B = 4 (147/a) x [ E''(a) - E'(a)/a ]  (10^12 erg/cm^3)

Use pfit to extract the first and second derivatives at the experimental lattice constant, and evaluate B at the experimental lattice constant (7.621 a.u.).

set a = 7.539
set ep = `echo $a | pfit 6 dat  | grep f= | awk '{print $4}'`
set epp = `echo $a | pfit 6 dat  | grep f= | awk '{print $5}'`
dval -a "B($a)=%1,3;3g ep=%1,3;3g epp=%1,3;3g"  "4*147/$a*($epp-$ep*2/$a)" 0+$ep 0+$epp

You should find B = 0.73 erg/cm³ at the experimental lattice constant, and 0.65 erg/cm³ at the LDA lattice constant.

6. Addtional Exercises

1) Try repeating these calculations with the larger basis set (-vbigbas=1)
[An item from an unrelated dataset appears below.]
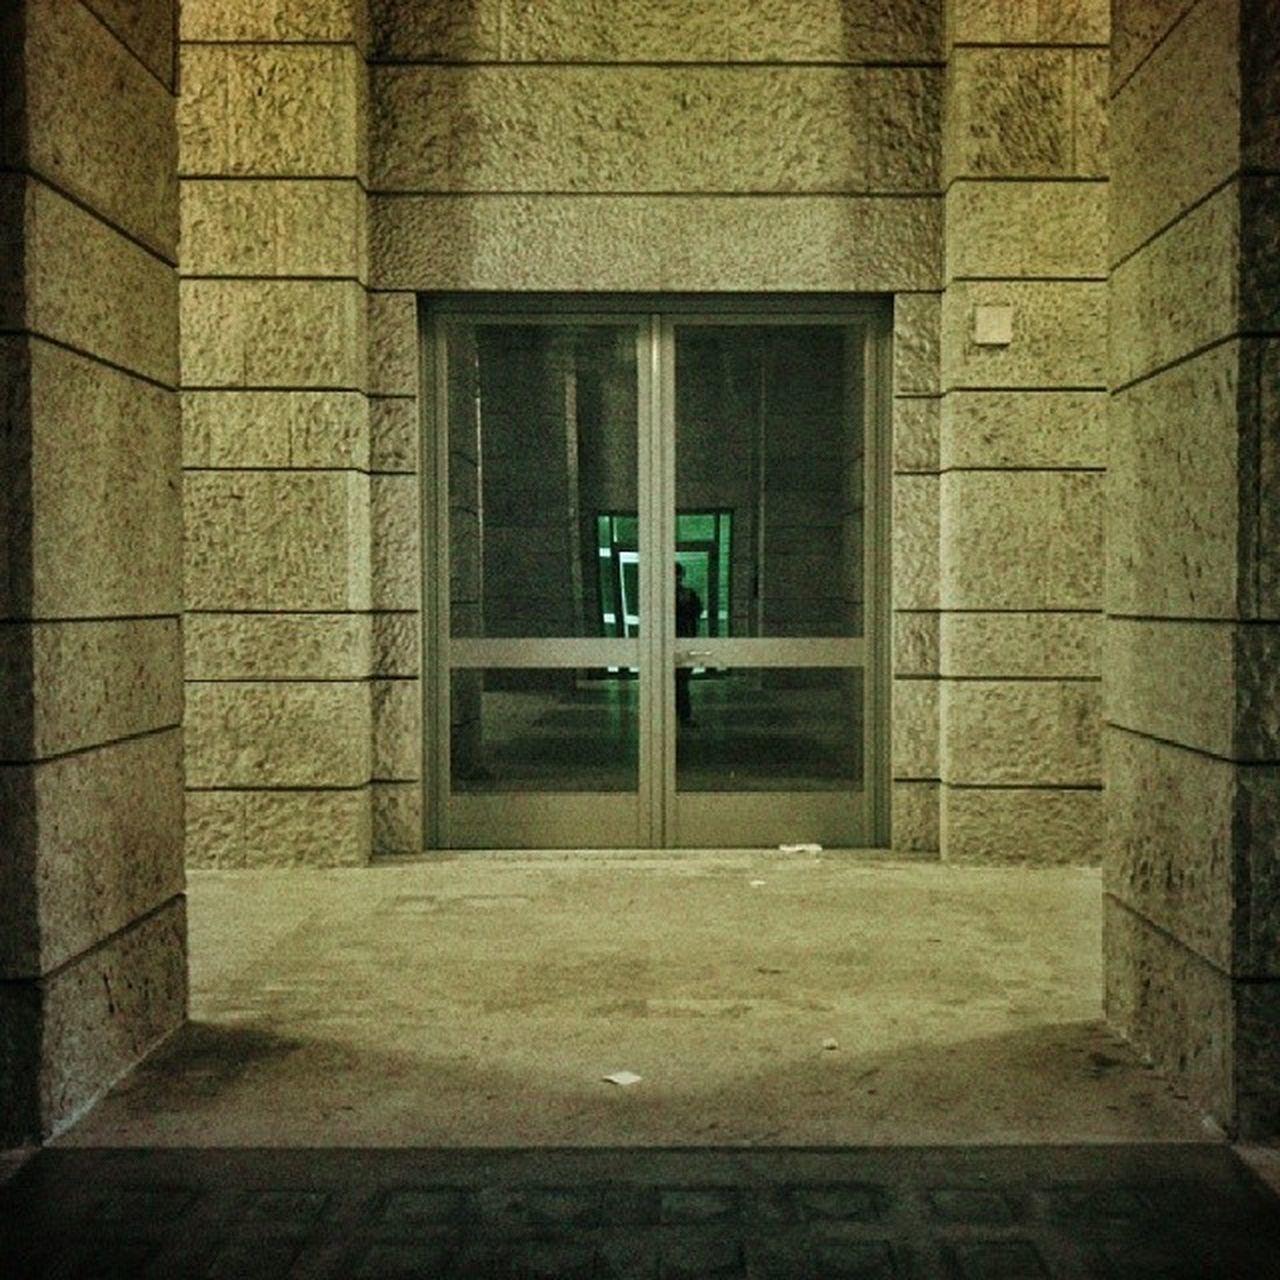 architecture, built structure, door, no people, window, building exterior, day, outdoors

2) Try repeating these calculations with the PBE functional (XCFUN=0,101,130)

3) Try computing some other properties of the Fermi surface, e.g. its area.

Footnotes and references

¹ N. W. Ashcroft and D. Mermin, Solid State Physics (Brooks/Cole, 1976)

² ctrl.al includes a token DALAT (which evaluates 0 if not specified). The actual lattice constant is ALAT+DALAT. The total lattice constant is separated because because some parameters scale with ALAT but are kept frozen when DALAT varies.